The doctor concludes: “Our team at Saint Barnabas Medical Center can definitely care for you if you get really sick. But our message now is also that you can help yourself become—and remain—as healthy as possible.”
Reaching the targets for blood pressure
Blood pressure is measured with two numbers:
- Systolic pressure is the top number. It measures blood pressure when your heart contracts.
- Diastolic pressure is the bottom number. It measures blood pressure when the heart is relaxed.
Until recently the target used by most doctors was 140/90 mm Hg (millimeters of mercury). The target now for most people is 130/80 mm Hg or lower. If you have either a top or a bottom number that is higher than this target, you may have hypertension—high blood pressure—according to the latest guidelines from the American Heart Association.
“Learn how to measure your blood pressure accurately, and talk to your doctor about all the ways you can improve it,” says Gary Rogal, M.D., medical director for Cardiac Services at RWJBarnabas Health.
Getting the numbers right
To take charge of heart health, blood pressure (BP) is an important number to know. But, as with checking your temperature, if the measurement is off, the numbers won’t be helpful.
“Patients sometimes have high blood pressure readings when they are in the doctor’s office because they are nervous or have been rushing to get there,” says Martin Pontecorvo, D.O., an internal medicine physician at Saint Barnabas Medical Center. “So it’s best to get two readings in the doctor’s office. If the readings are high, we usually check a second time on both sides, especially if blood pressure medicine is being considered or dosage changed.”

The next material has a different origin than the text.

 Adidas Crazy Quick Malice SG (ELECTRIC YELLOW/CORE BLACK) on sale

Whether a nurse measures blood pressure at your doctor’s office or you use a BP cuff at home, follow these tips from the American Heart Association:
First, plan ahead:
- Avoid smoking (which you shouldn’t be doing anyway), caffeine and exercise 30 minutes before the measurement.
- Empty your bladder.
- Sit quietly for five minutes.
- Wear clothes that you can easily remove to expose the upper arm.
- Keep still while it’s measured.
- Get the measurement from both arms, and at two to three different times. If there’s a difference, use the higher numbers.

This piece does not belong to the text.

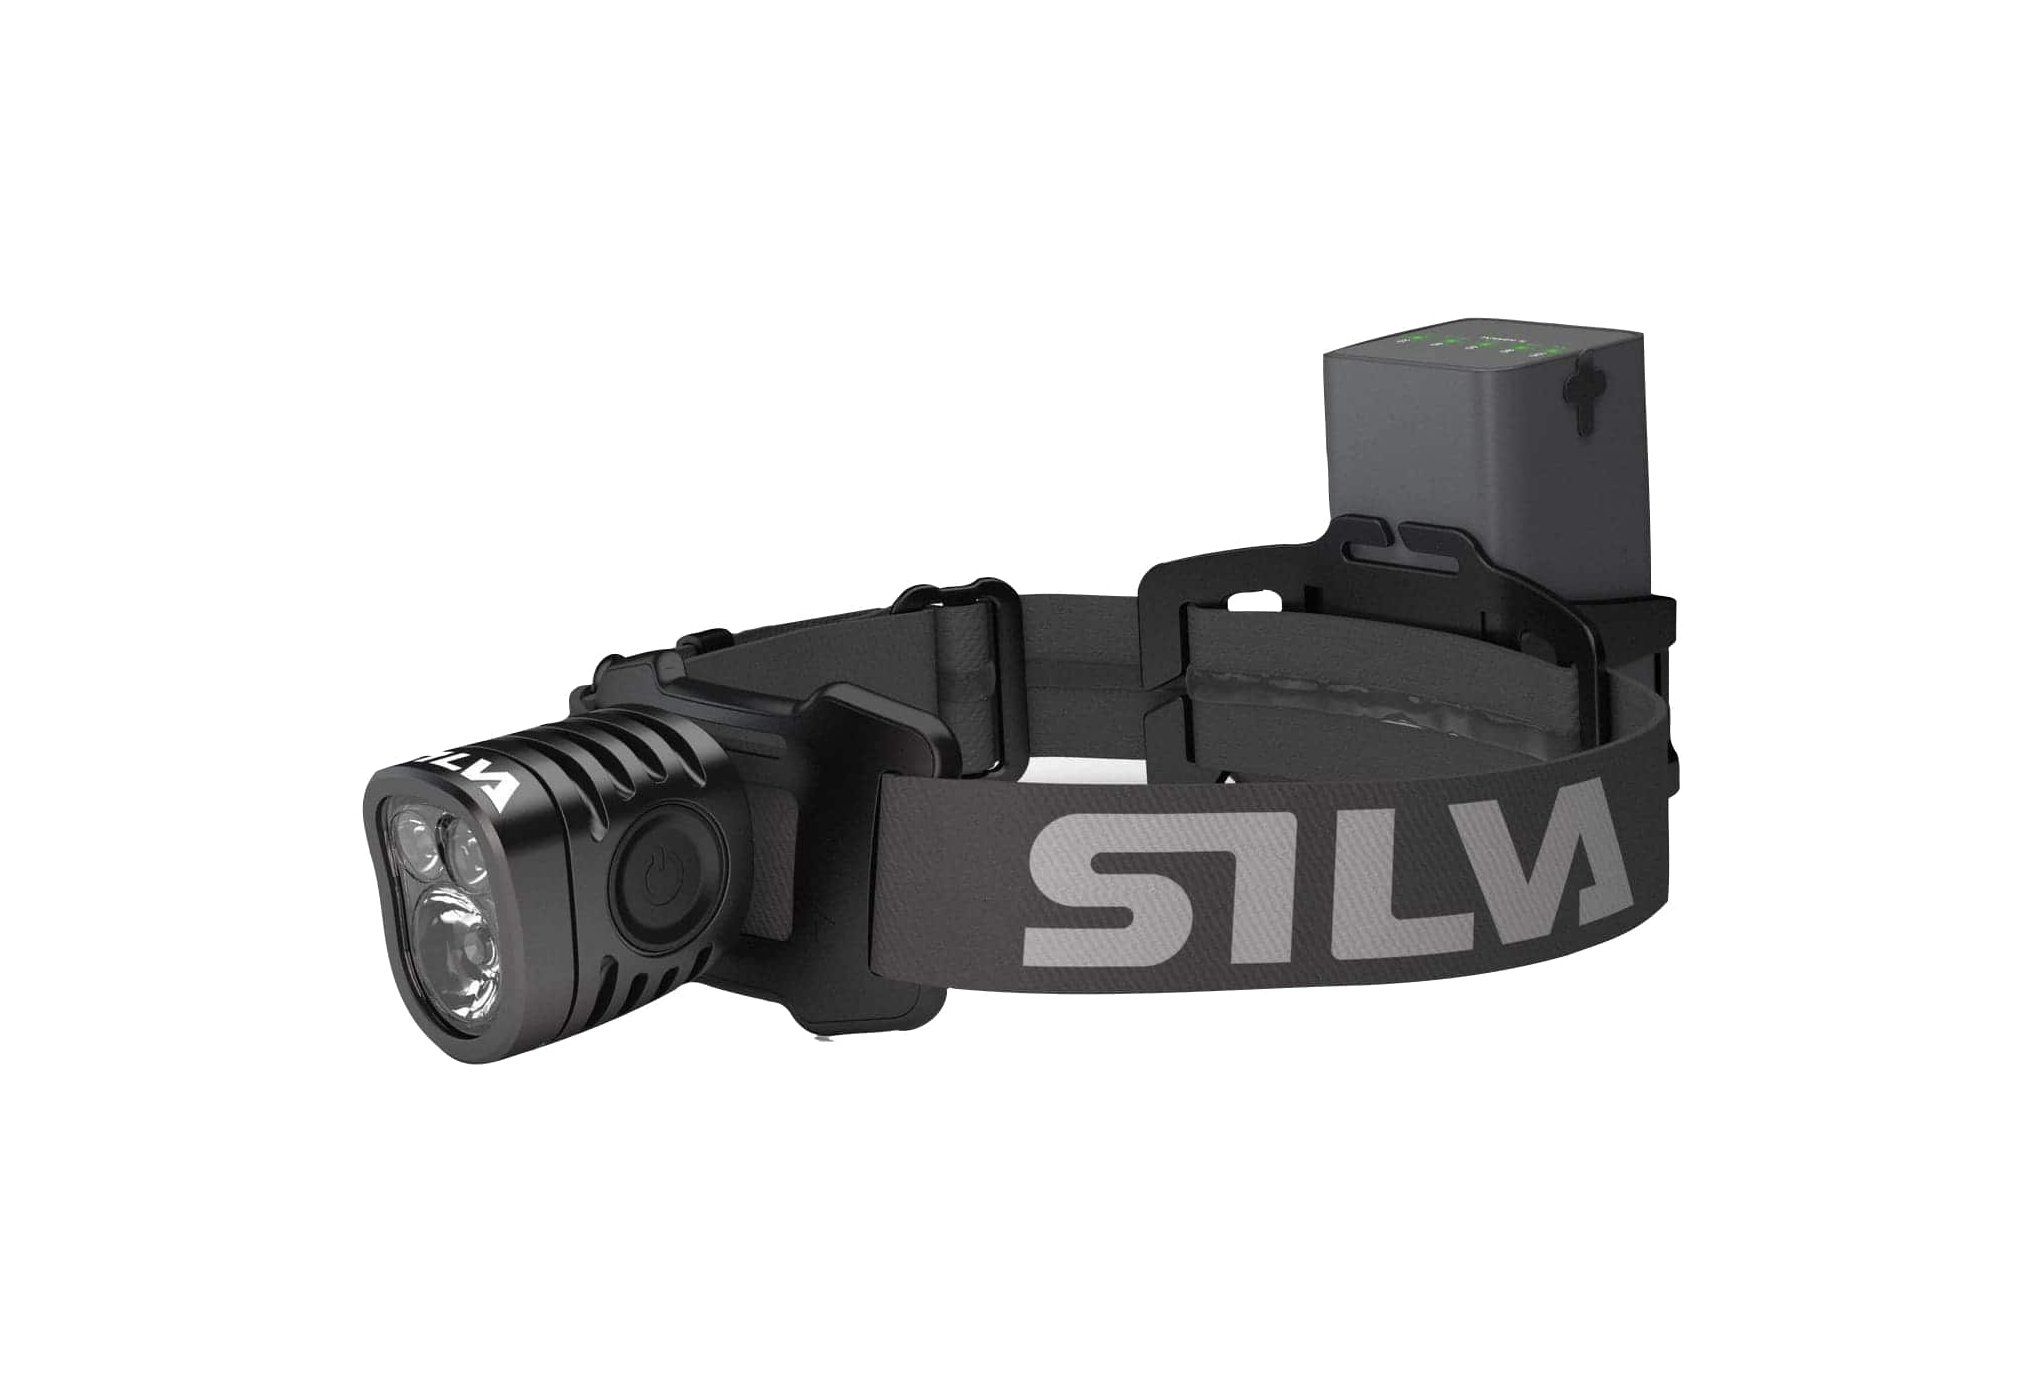 Silva Exceed 4X Lampe frontale / éclairage

- If you’re taking your own BP at home, ask your doctor or nurse to explain how to do so—and how often.
- Use the same BP cuff each time, and make sure it’s accurate.

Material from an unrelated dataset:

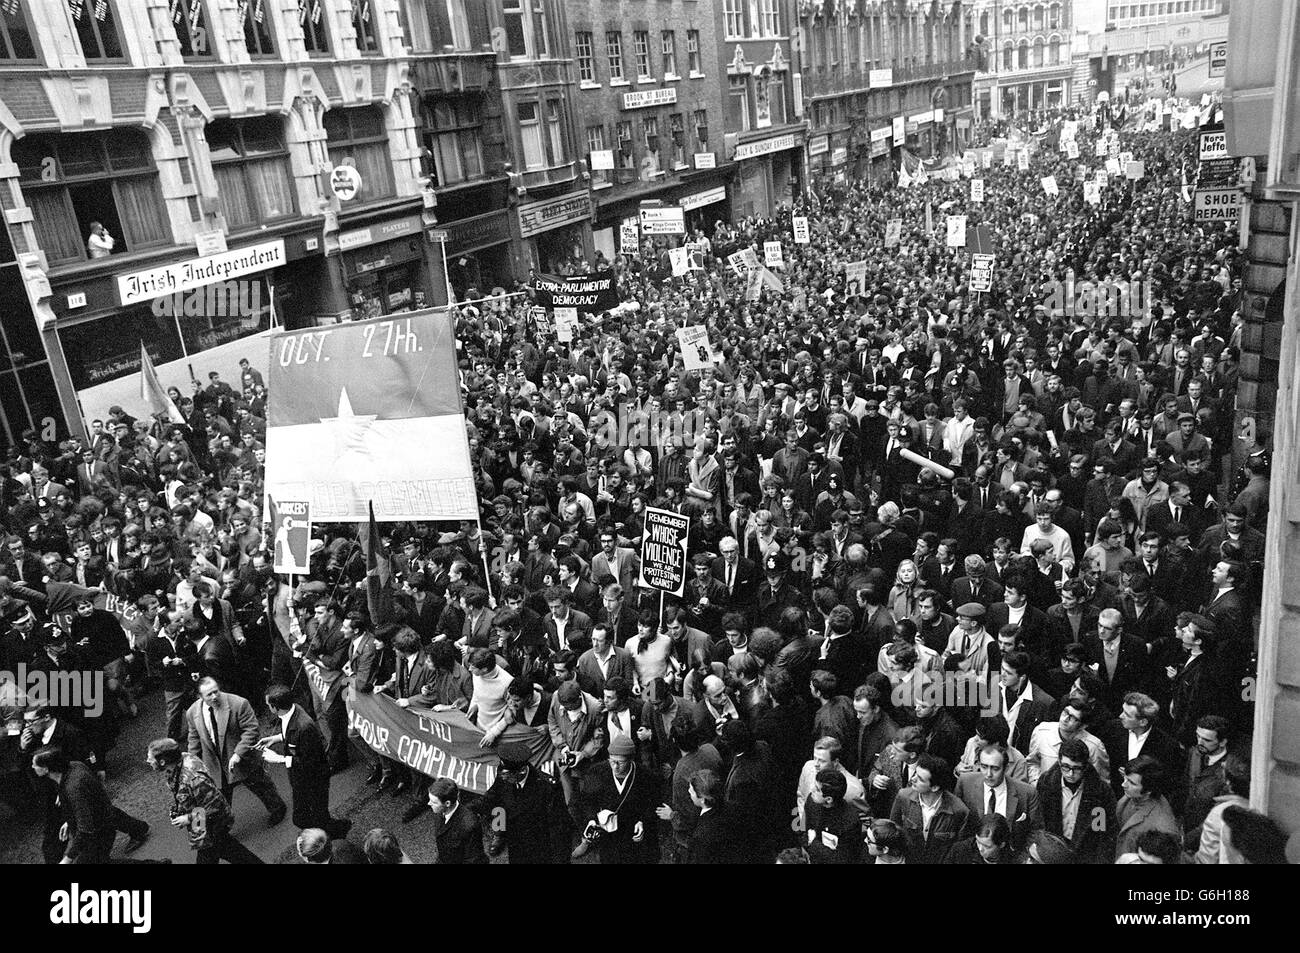 27TH OCTOBER: ON THIS DAY IN 1968 A PEACEFUL ANTI-WAR MARCH TURNED INTO A MAJOR RIOT PA NEWS PHOTO 27/10/68 A SOLID MASS OF MARCHERS IN PROTEST AT FLEET STREET, LONDON FOR THE ANTI VIETNAM WAR DEMONSTRATION Stock Photo

- Make sure the bottom edge of the wrap that goes around the arm is directly above the bend of your elbow.
If you measure your BP ever day:
- In the morning, take two readings before you take any medicines. Space them one minute apart.
- In the evening before supper, do the same.
- If you have a change in treatment for any condition, take your BP reading two weeks after the change and one week before your next doctor’s visit.
- Record all readings, and take them with you to the doctor.
“Home measurements are important in guiding treatment,” says Dr. Pontecorvo. “If BP readings differ from those in the office, it may be a good idea to bring your home device to the appointment and compare readings to check accuracy.”
A little exercise can be a big help
Question: What’s the most underutilized treatment to control cholesterol?
The answer is exercise. Exercise improves circulation, controls weight and lowers “bad” blood cholesterol. It’s one of the most important steps you can take to improve heart health. One study showed that the effects of exercise last even long after the activity is stopped. And although it may be because exercisers are motivated to improve in all ways, other risk factors are improved with exercise too—like lipid patterns, blood pressure and diabetes, for example. There may even be a beneficial effect on depression, which in turn makes lifestyle alterations easier.
When it comes to making exercise part of your lifestyle, there are two points to remember.
First, you don’t have to run a marathon. Even very moderate exercise is helpful. Second, weight and cholesterol control aren’t the only reasons to exercise. Exercise can improve overall health, mood and outlook on life.
You may even find your gentle workouts habit-forming—in a good way.